Do I still love my boyfriend, was I ever even in love?
How can I make my family view me as normal again, instead of just one let down after another?
Is it ok to not want to have sex with my boyfriend eventhough we've been together for almost a year?
Will he leave me?
Should I even care?
Should I break up with him?
This other guy, my close friend, why do I feel so attracted to him?
It can't be love right?
He told me he loved me, I wanted to say it back but didn't, should I have?
Is it wrong that I sortah want to leave my current boyfriend and give this guy a chance?
How do I get back on track with school?
Should I talk to my teachers?
What do I tell them?
My dad?
Will he hate me?
I just...don't know what to honestly do, I'm at such a lost, so empty and all I can do is cry.
I feel as if I'm just a screw up and the world would be better off without me.

Well there you have it, please be honest and tell me what you think. 'Cause I have no clue what to do. Past expiriences if any, or such things amongst that would help.

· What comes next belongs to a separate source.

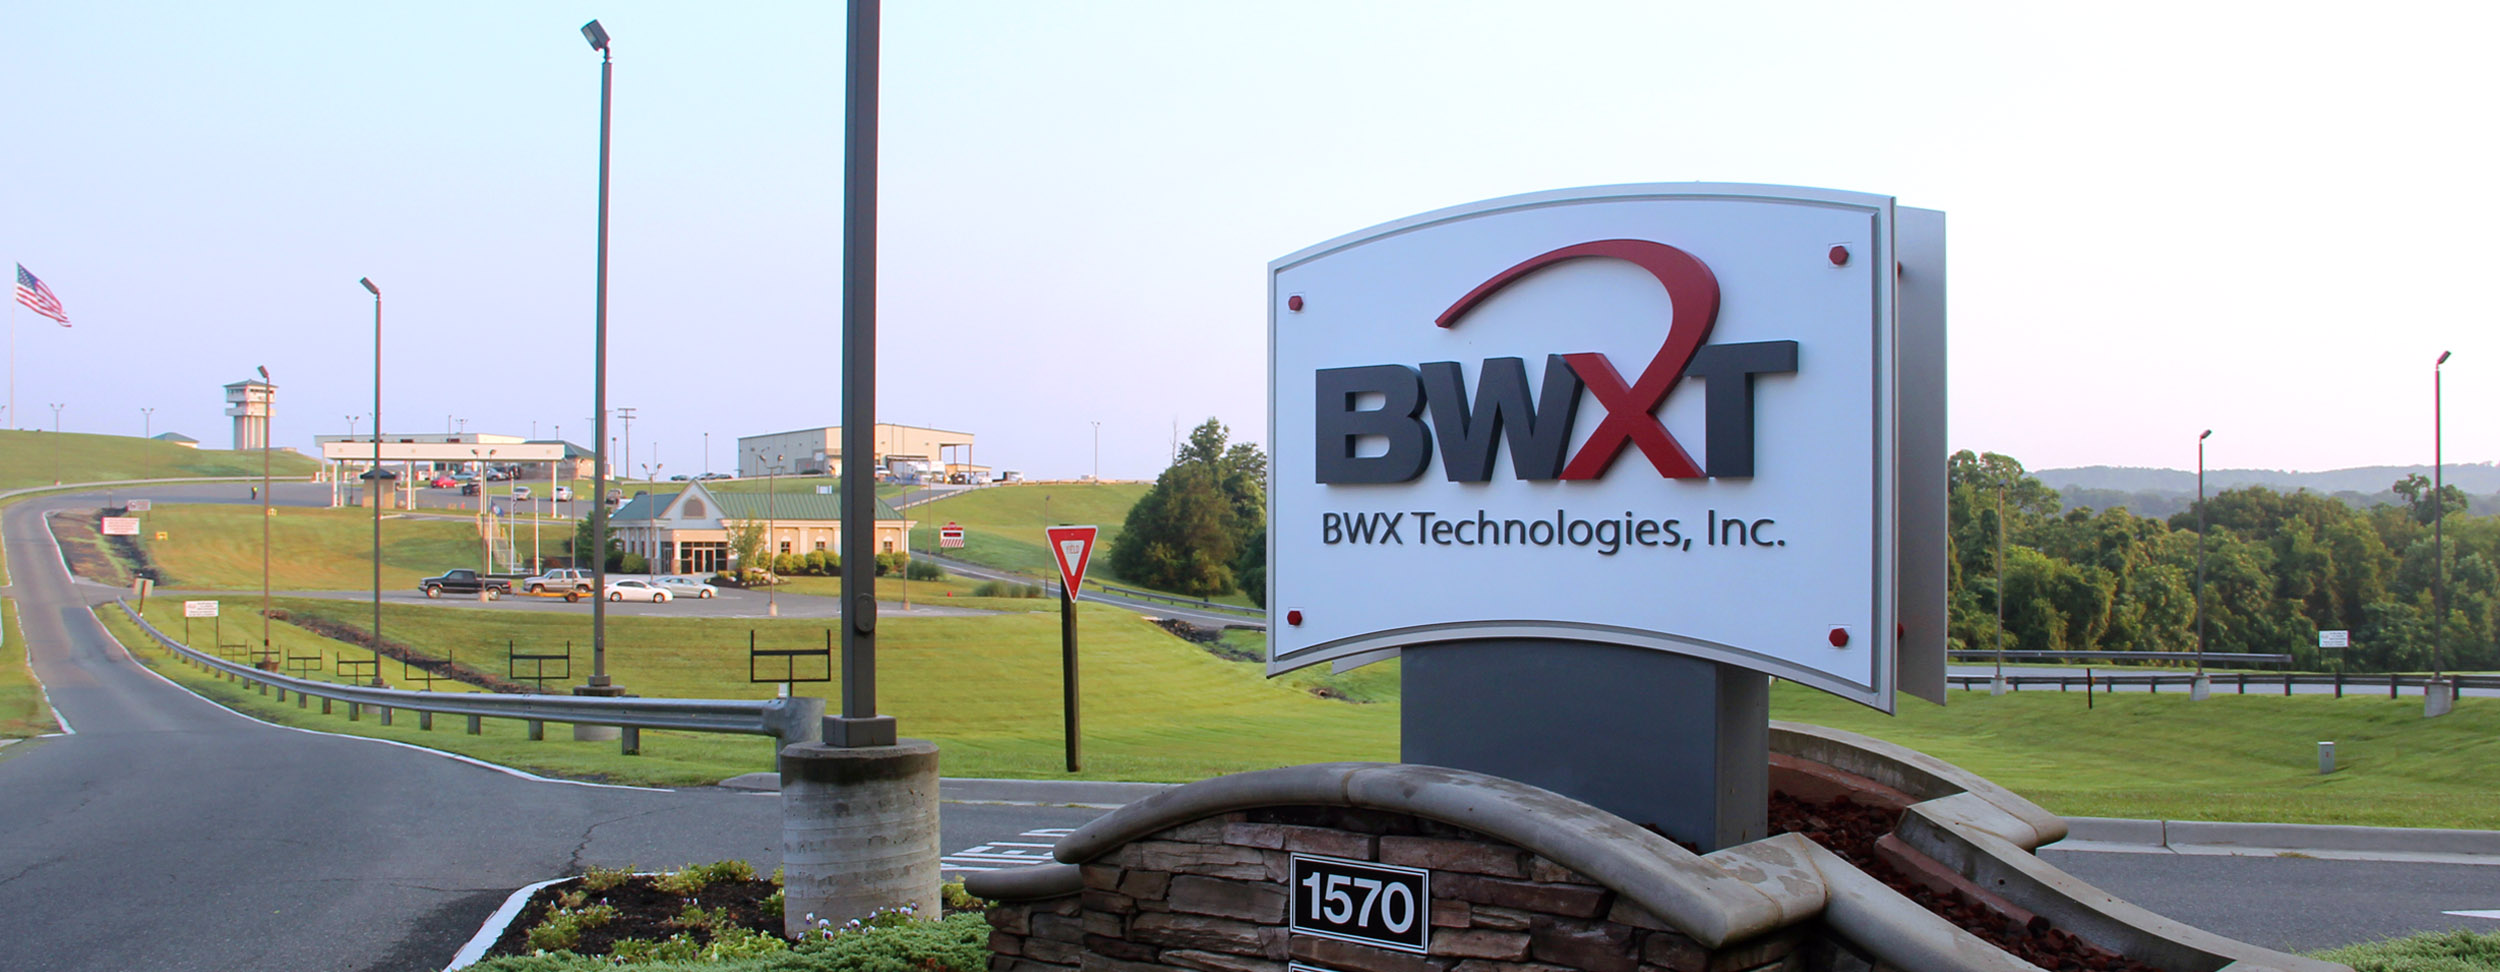 BWXT facility sign

Thanks in advanced, I'm also sorry for all the questions and for any type'os I've missed. (link)
from the sound of things you REALLY shouldn't have a boyfriend right now. The drama with your current one is making it even harder for you to focus on what you seem to really want--self-improvement.

Stay after school and ask the teachers for help, get tutoring from one of your smarter friends if they're able to do it. You have to MAKE time if it's possible at all, even if it means breaking things off with your boyfriend. if he does love you he'll understand. The same goes for your friend. He'll understand you can't be with him because you're too overwhelmed right now, because he loves you.

It sounds like your boyfriend is just staying with you for sex right now. And you may realize that, which is what is making you feel so bad.

There's only one chance to get through high school. You're determined so you can do it. You just have to force yourself to do the work, take the time to understand the work..

Suicide isn't an option, ever. I felt that way before, and I was so happy that I didn't, because I'm so happy right now. "The night is darkest before the dawn." It took a long, long time to get to this point, 3 years for me, and there were lots of falls back into darkness along the way, but I'm better now.

Talk to your parents, even if they yell don't yell back. Stay calm and mature, tell them how you feel, right down to the point you feel that your relationship with your dad is off, and you don't WANT it to be that way. You don't want to be a disappointment to them but you don't know how to go about that. Tell them everything you told us. Your dad may still not understand, but your mother seems like she would.

This song is my favorite "uplifting" one. It's from a Christian band, but doesn't ever mention god so if you're not religious it shouldn't offend you. I doubt it's your kind of music even, but the lyrics are really really great... When everything feels like it's too much, I listen to this on repeat.

http://www.youtube.com/watch?v=gOpjuB0zAko&feature=related


I'm really not that great at advice, but I've felt lost before so I tried. I had to. If you want, always feel free to ask me a question about something I've said or something. My internet connection is a joke, but I'll make answering you and being with you my top priority. Being lost sucks. It happens to lots of people, and lots of people, including myself, get through it.

You're not terrible. They shouldn't be looking down on you. The fact that you want to change is proof enough of that. Truly terrible people wouldn't give a d-mn.


Rating: 5
Thank you very much, yes sad truth...but I think I will have to do that. I need to focus on my studies, that's what's most important to me.
Thank you.
I'll keep that in mind, thank you. It's nice to know people are there for you, even if they're kind strangers. That song, it's nice I look into them more, I've heard a few people like them before and my music list is a mix off all.